A. The Communicable Disease Exposure Control Plan;
B. The types of BBPs and how they are transmitted between individuals;
C. General safety rules;
D. Universal precautions;
E. Personal Protective Equipment;
F. Medical waste disposal procedures;
G. Post-exposure treatment and procedures; and
H. Vaccinations.

VI. GENERAL PRECAUTIONS

A. Supervisors must ensure their staff is trained in proper work practices that may be specific to the work they perform and monitor their understanding of universal precautions, personal protective equipment and proper cleanup and disposal techniques for contaminated material.

B. All blood, bodily fluids, and OPIM encountered by City employees will be treated as infectious for BBPs.

C. All employees performing tasks with reasonably anticipated exposure to blood or OPIM will be provided with and are required to use appropriate PPE.

D. For employees designated to provide emergency First Aid or CPR, supervisors shall ensure that nitrile gloves are provided, as well as resuscitation equipment such as pocket masks.

E. Eating, drinking, smoking, applying cosmetics or lip balm, and handling contact lenses are prohibited in work areas where there is a potential for exposure to any health hazard. Food and drink shall not be stored in refrigerators, freezers, cabinets, or in other areas of possible contamination where blood or OPIM exists.

F. According to the level of risk, whenever there is a possibility that body fluids or OPIM could come in contact with skin or clothing, the wearing of protective clothing, gowns, aprons, or lab coats may be required.

G. Gloves must be made of appropriate disposable material (nitrile or vinyl) and shall be used in the following circumstances:

1. When performing job duties with potential exposure if the employee has cuts, abraded skin, chapped hands, dermatitis, or similar conditions;
2. When providing First Aid;
3. When performing custodial duties; or
4. When working in or around sewage of any type.

H. Employees shall:

1. Wash their hands or any exposed area of skin immediately or as soon as feasible;
2. Wash their hands after removing gloves or other personal protective equipment; and
3. Flush mucous membranes with water immediately or as soon as feasible after contact with blood or OPIM.

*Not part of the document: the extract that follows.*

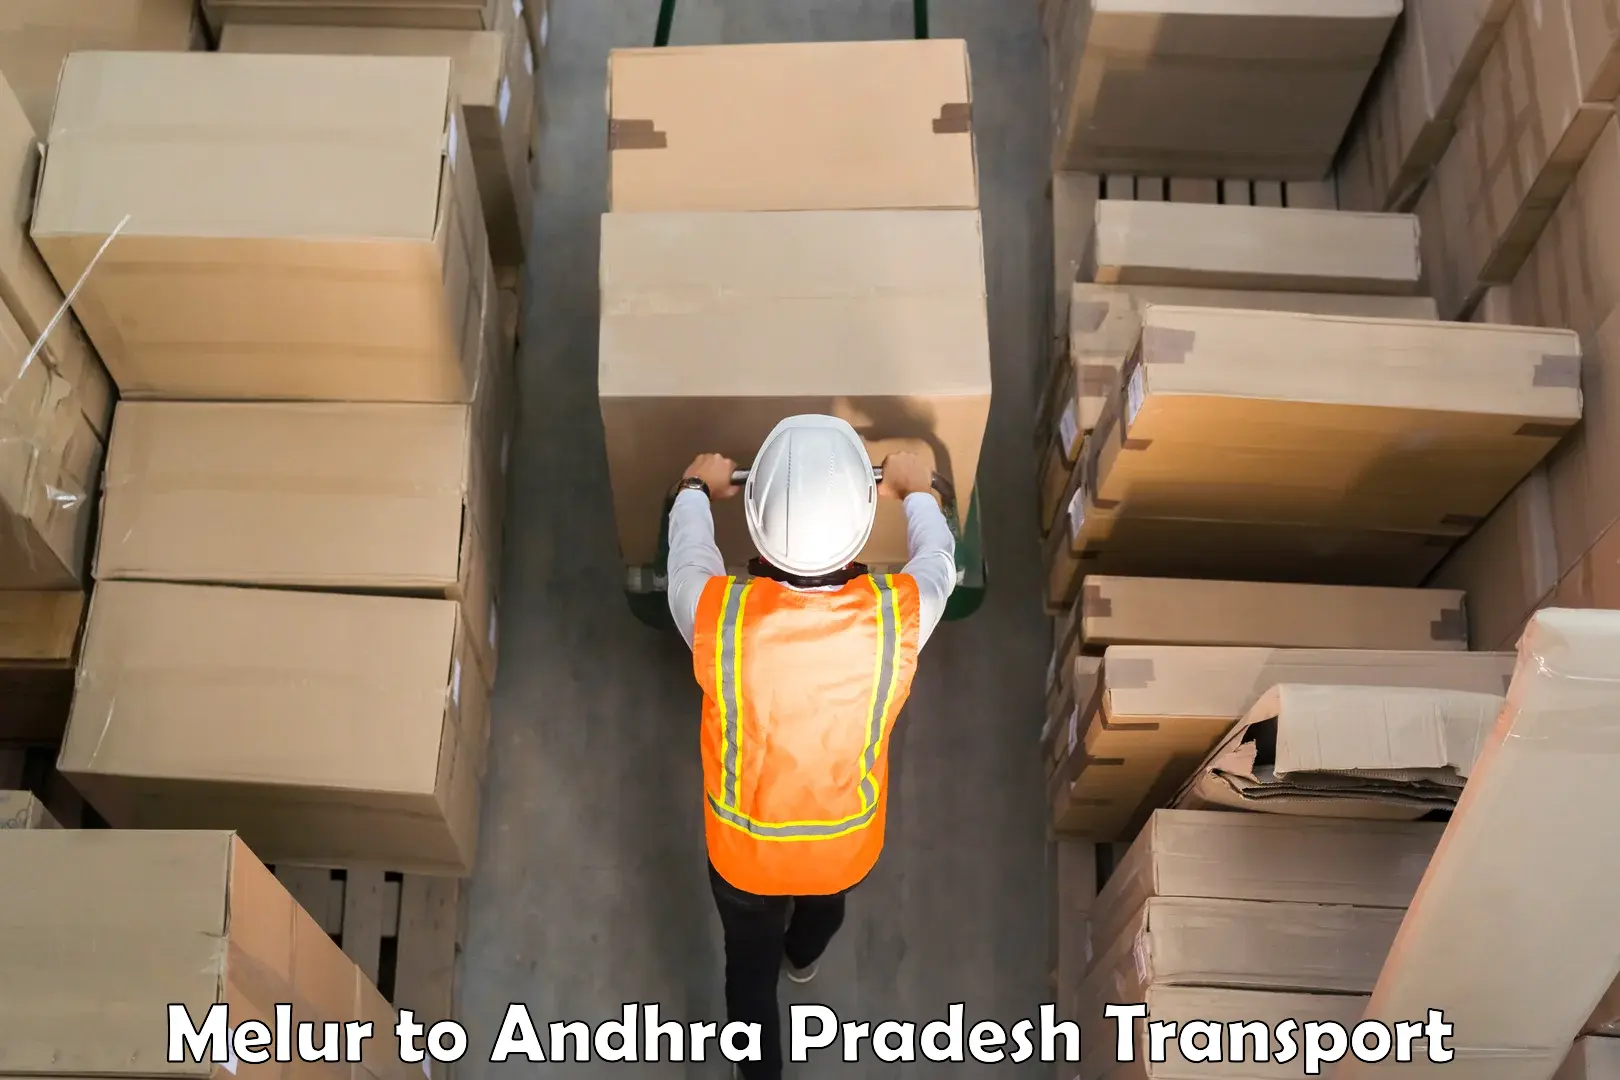 Part load transport service in India Melur to Amarapuram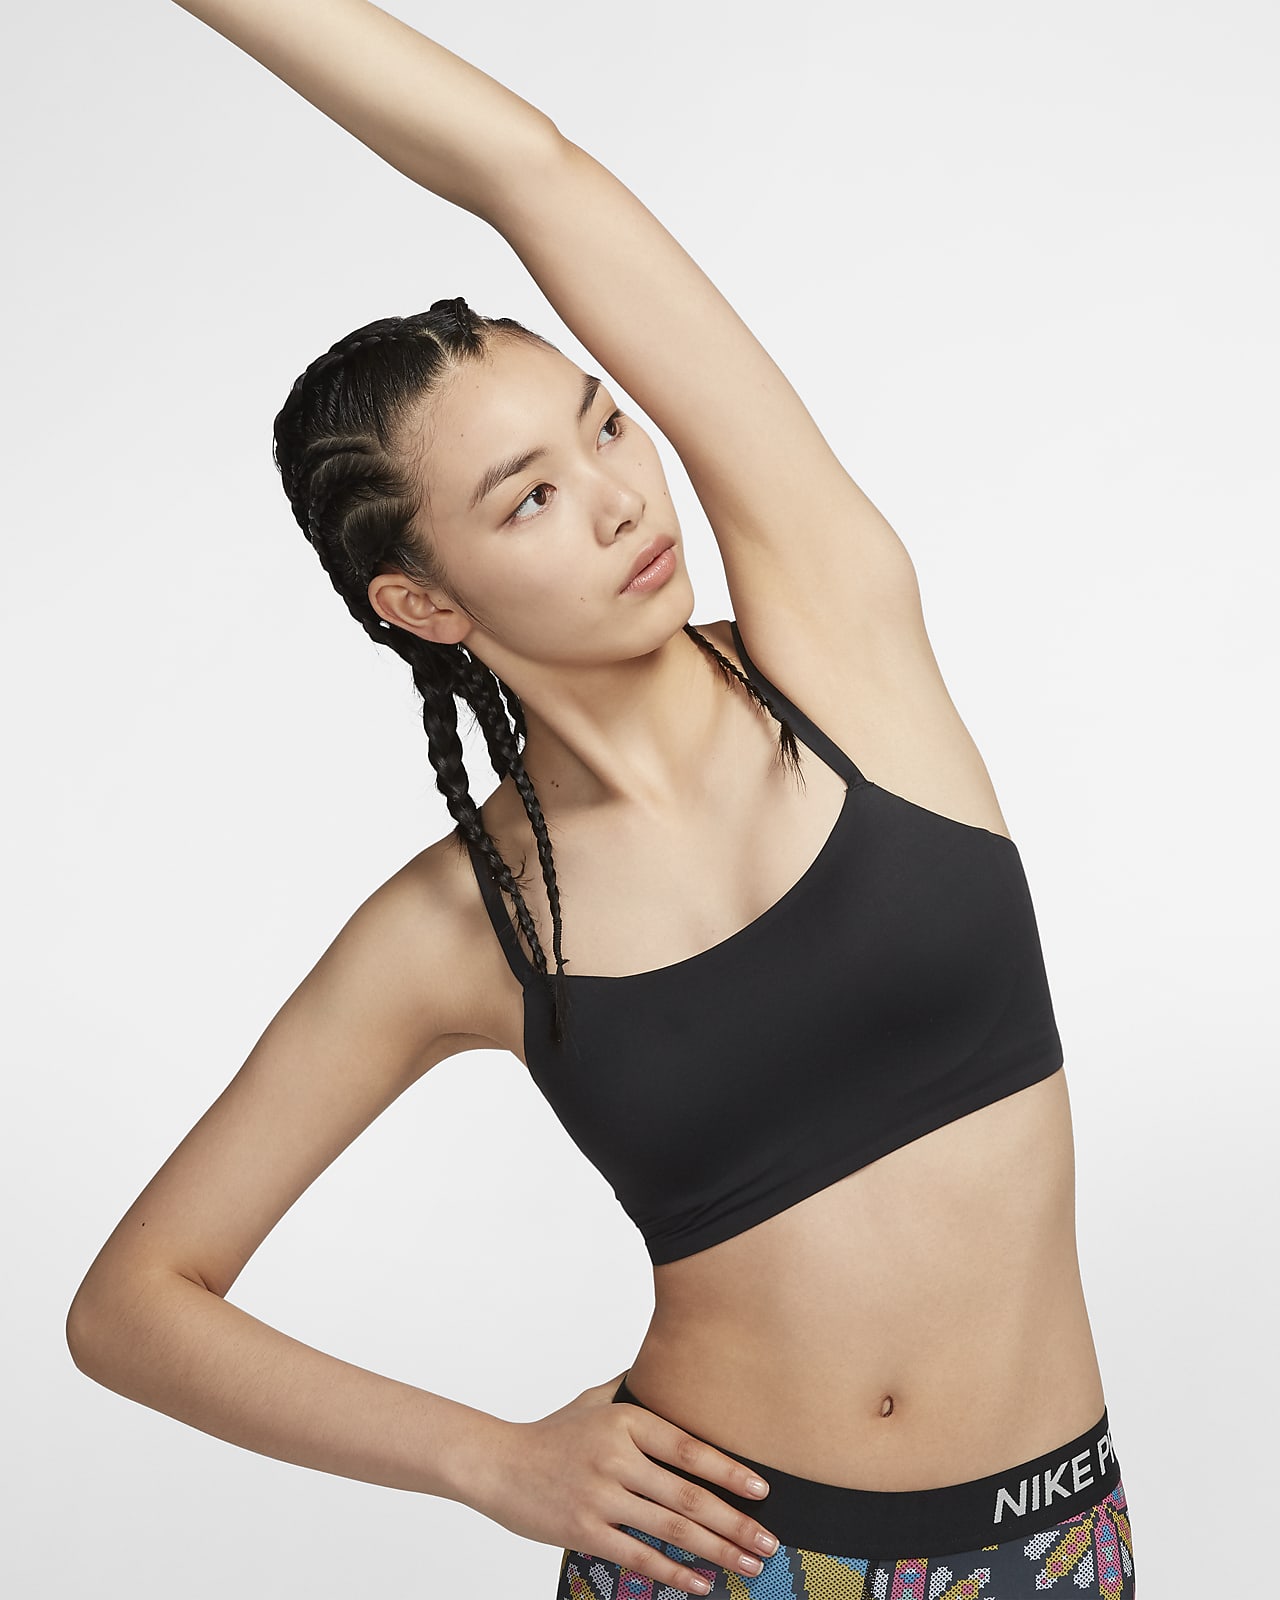 Nike Indy Luxe 女款輕度支撐型襯墊兩用肩帶運動內衣

Employees should wash hands and any other skin with non-abrasive soap and water. Antiseptic towelettes should be made available and used until an employee has an opportunity to wash their hands with soap and water.

I. If clothing or equipment is thought to be contaminated, it must be placed in a separate container for storage, washing, decontamination, or disposal. Care should be taken not to spread the contamination to other areas.

J. All procedures involving the handling of blood or potentially infectious agents must be performed in a manner that will minimize splashing, spraying, or misting.

K. Warning labels shall be affixed to containers of waste contaminated with blood or OPIM, or containers or bags used to store, transport, or ship blood or OPIM. Labels shall contain the universally accepted “BIOHAZARD” symbol.

L. Surfaces and equipment contaminated of blood or OPIM should be decontaminated as soon as feasible with a solution of 1 part bleach to 10 parts water or any EPA-approved disinfectant. At a minimum, employees shall wear non-permeable gloves and a face shield when performing decontamination procedures.

M. To avoid contact, sharps (syringes, needles, broken glass, or razor blades) shall be collected using tweezers, tongs, pliers, broom and dustpan, or shovel, and placed into a ridged, puncture-resistant, container which is labeled “BIOHAZARD”.